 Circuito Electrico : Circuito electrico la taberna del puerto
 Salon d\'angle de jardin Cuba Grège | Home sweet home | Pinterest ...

● ● ● ● ●

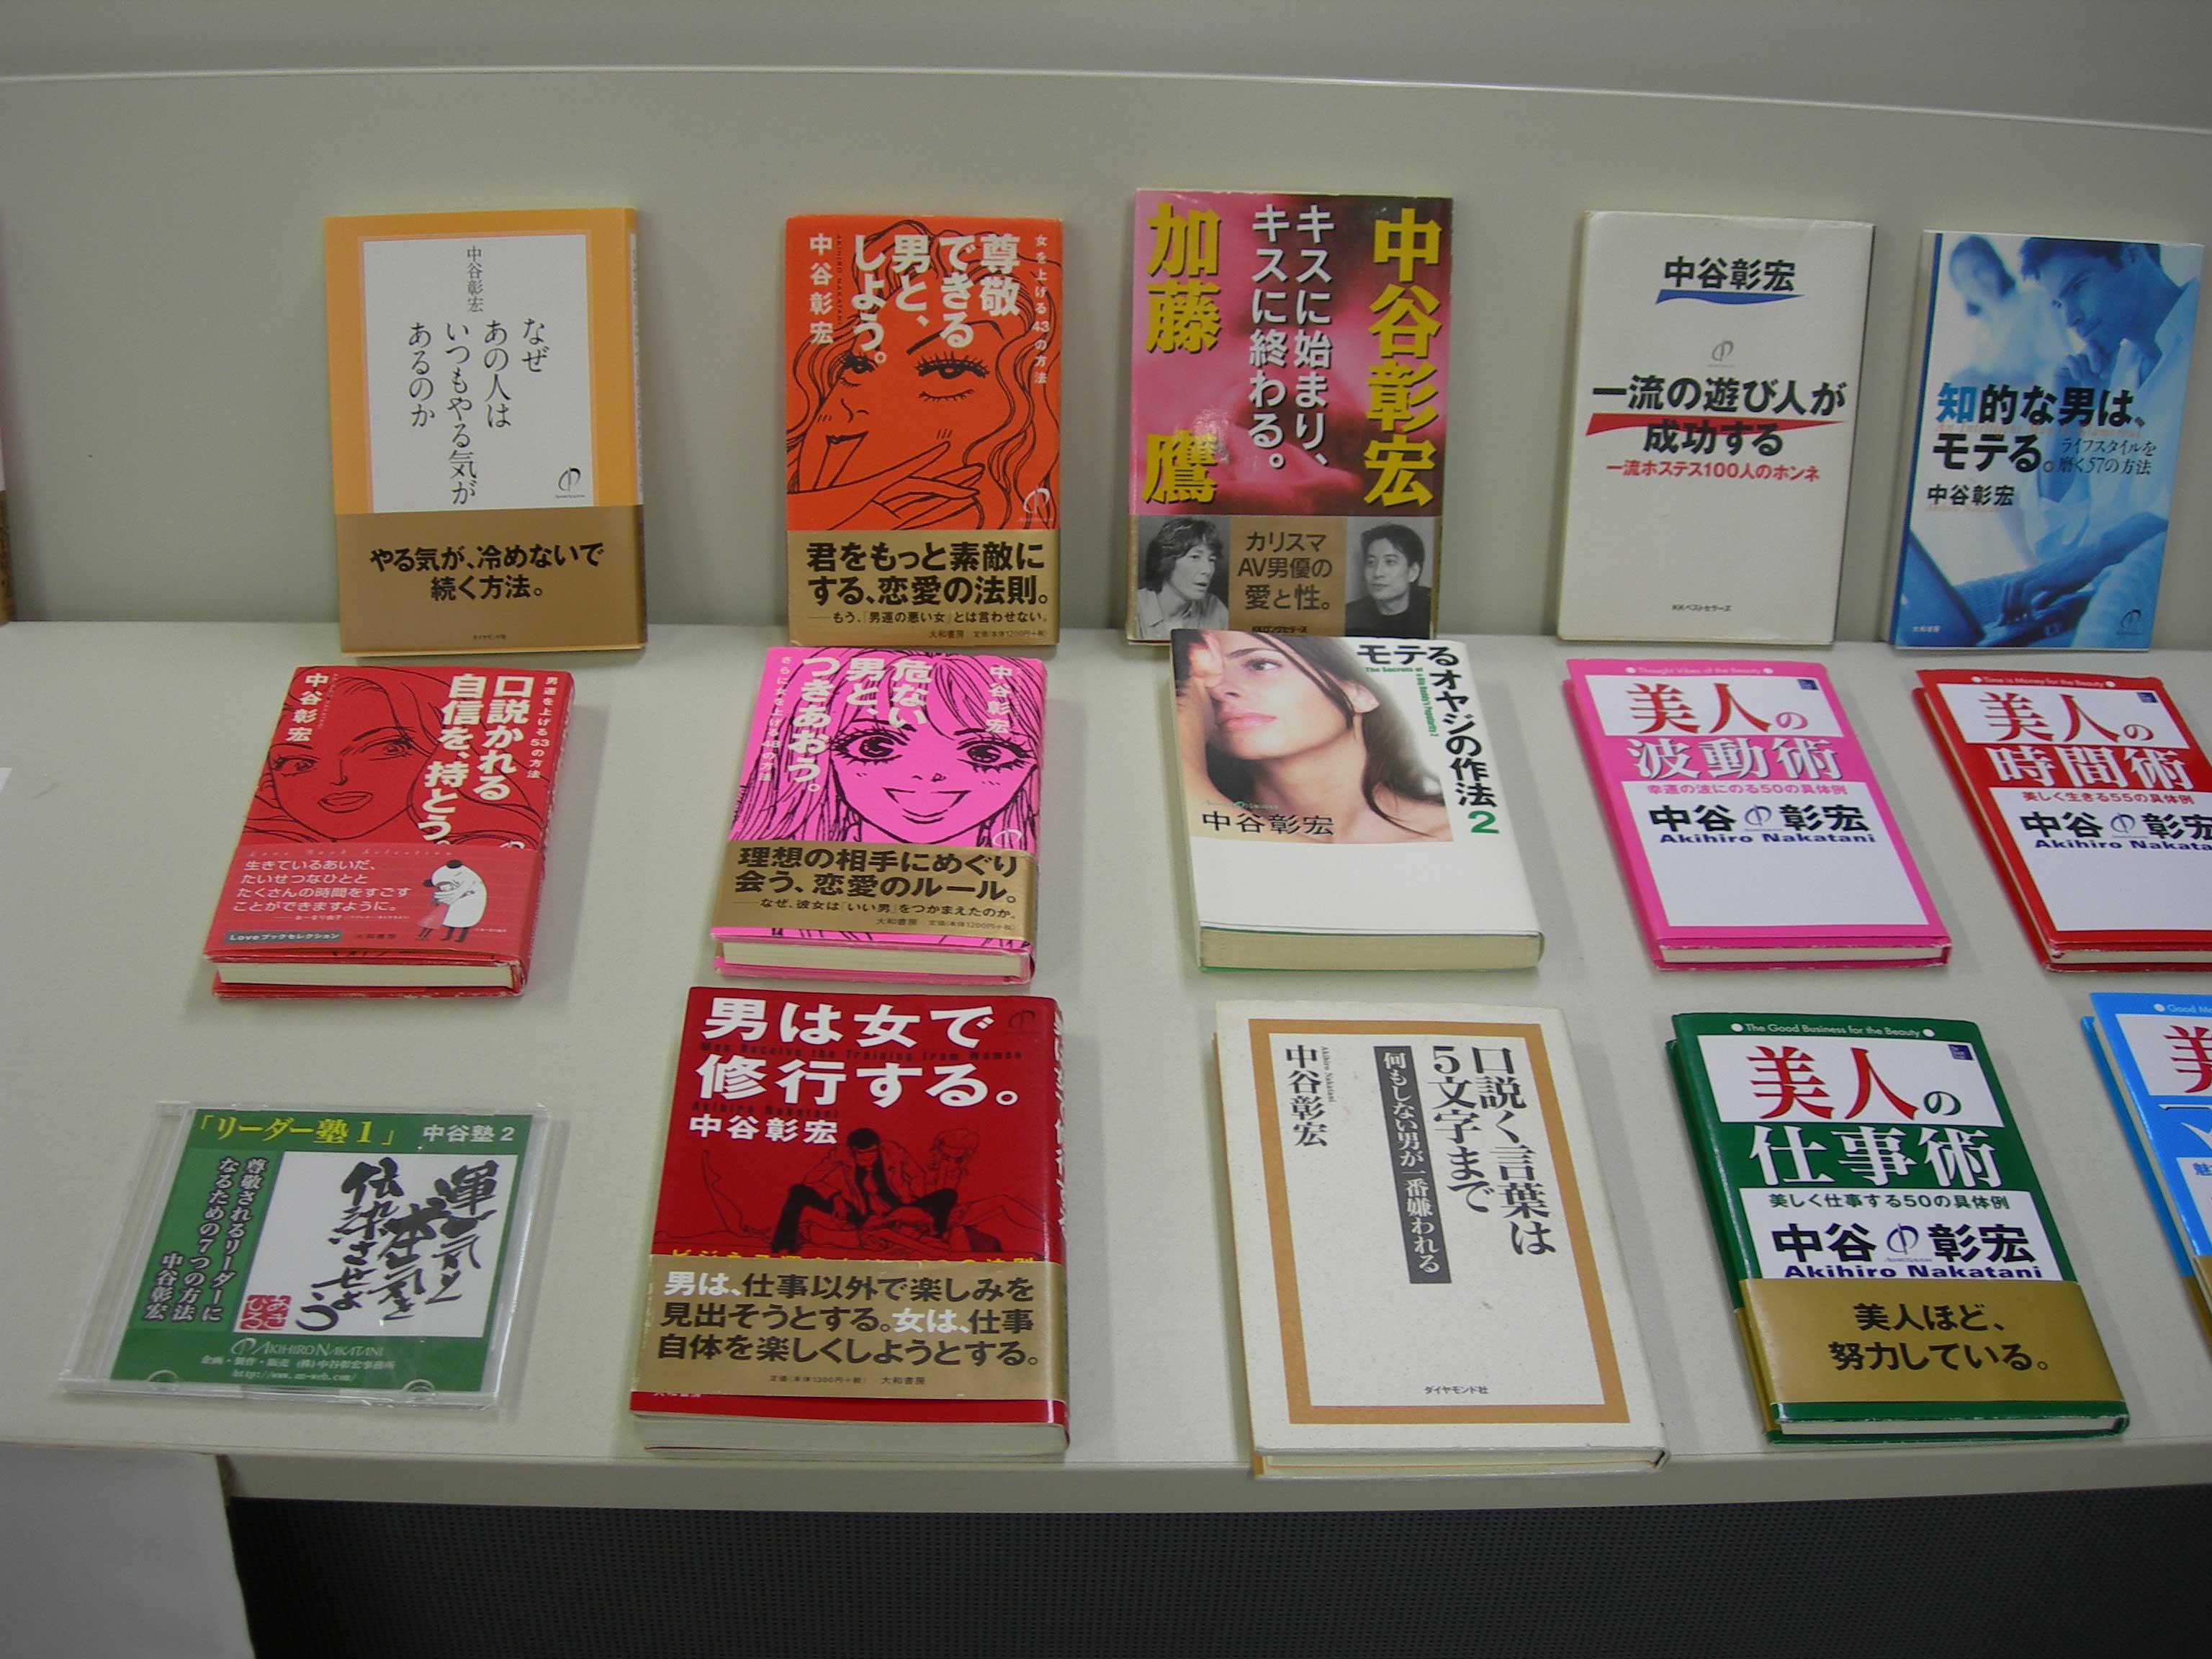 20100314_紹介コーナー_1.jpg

● ● ● ● ●

■ Problem description: Search the listing above for the lines with "Circuito Electrico : Circuito" and "Salon d\'angle de", then output those lines and all lines between them exactly.

■ Written reply:
 Circuito Electrico : Circuito electrico la taberna del puerto
 Salon d\'angle de jardin Cuba Grège | Home sweet home | Pinterest ...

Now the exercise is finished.